= Marketspace =

Management concept

The marketspace is a marketing and strategic management concept that emerged in the mid-1990s. It refers to a virtual "information-defined transaction space" in contrast to traditional physical marketplaces. The term was introduced by Jeffrey Rayport and John Sviokla in their 1994 article "Managing in the Marketspace" that appeared in Harvard Business Review.

==Definition==
Rayport and Sviokla did not present a formal definition of marketspace in their original Harvard Business Review paper but describe its characteristics. In synthesis marketspace is an information-defined transaction space where value is created and extracted. It exists in parallel to physical marketplaces and marketplace transactions.

A marketspace transaction is different from marketplace transactions. According to Rayport and Sviokla both differ in terms of content, context, and infrastructure. The content of the transaction is different because the marketspace replaces actual goods and services with information about goods and services.
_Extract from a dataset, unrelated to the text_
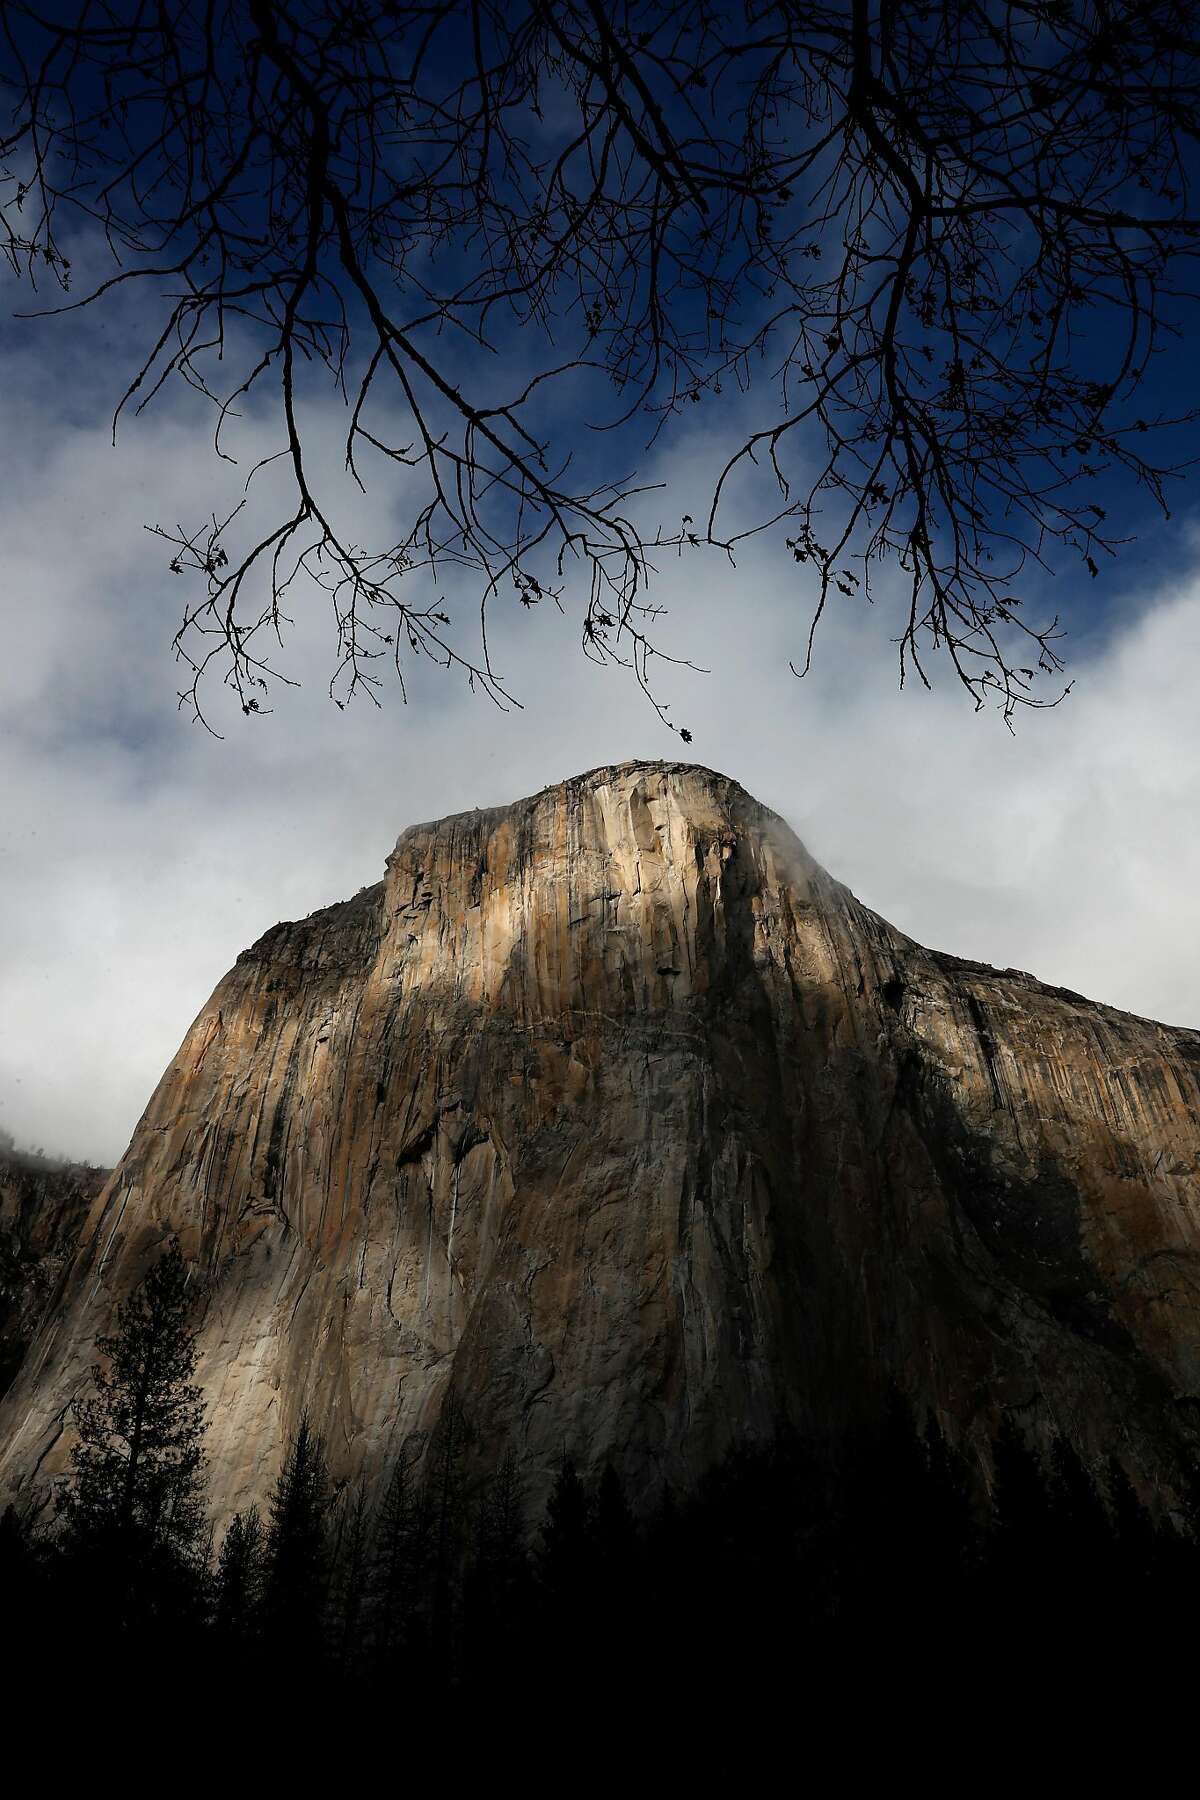 El Capitan in Yosemite National Park, in Yosemite, Calif., on Monday Jan. 22, 2018. The National Park is hoping to return to full staff soon after the US Senate voted to end the Federal government shutdown today.

The context differs substituting face-to-face interactions with technology mediated transactions, for example electronic, on-screen interactions. Finally the infrastructure that enables the transaction to occur differs. Connected electronic devices such as computers replace a physical marketplace such as a mall. The marketspace is in essence a virtual selling space.

Rayport and Sviokla make three references to the Internet in their paper. The term internet has replaced the term marketspace, which is rarely used nowadays. For recent exceptions see:
- Kuruzovich, J., Viswanathan, S., Agarwal, R., Gosain, S., & Weitzman, S. (2008). Marketspace or Marketplace? Online Information Search and Channel Outcomes in Auto Retailing. Information Systems Research, 19(2), 182–201.
- Dholakia, N., Darmody, A., Zwick, D., Dholakia, R. R., & Fırat, A. F. (2021). Consumer Choicemaking and Choicelessness in Hyperdigital Marketspaces. Journal of Macromarketing, 41(1), 65-74.

== Impact ==
The Harvard Business Review article led to various academic investigations, especially in international business. Jim Hamill, a reader in the marketing department at the University of Strathclyde in Scotland at the time, was one of the first to note this link in a 1997 paper.

==Bibliography==
- Rayport, J.F. and J.J. Sviokla (1995), "Exploiting the Virtual Value Chain," Harvard Business Review, Nov-Dec, 75-85.
- Rayport, J.F. and J.J. Sviokla (1994), "Managing in the Marketspace," Harvard Business Review, Nov-Dec, 141-150.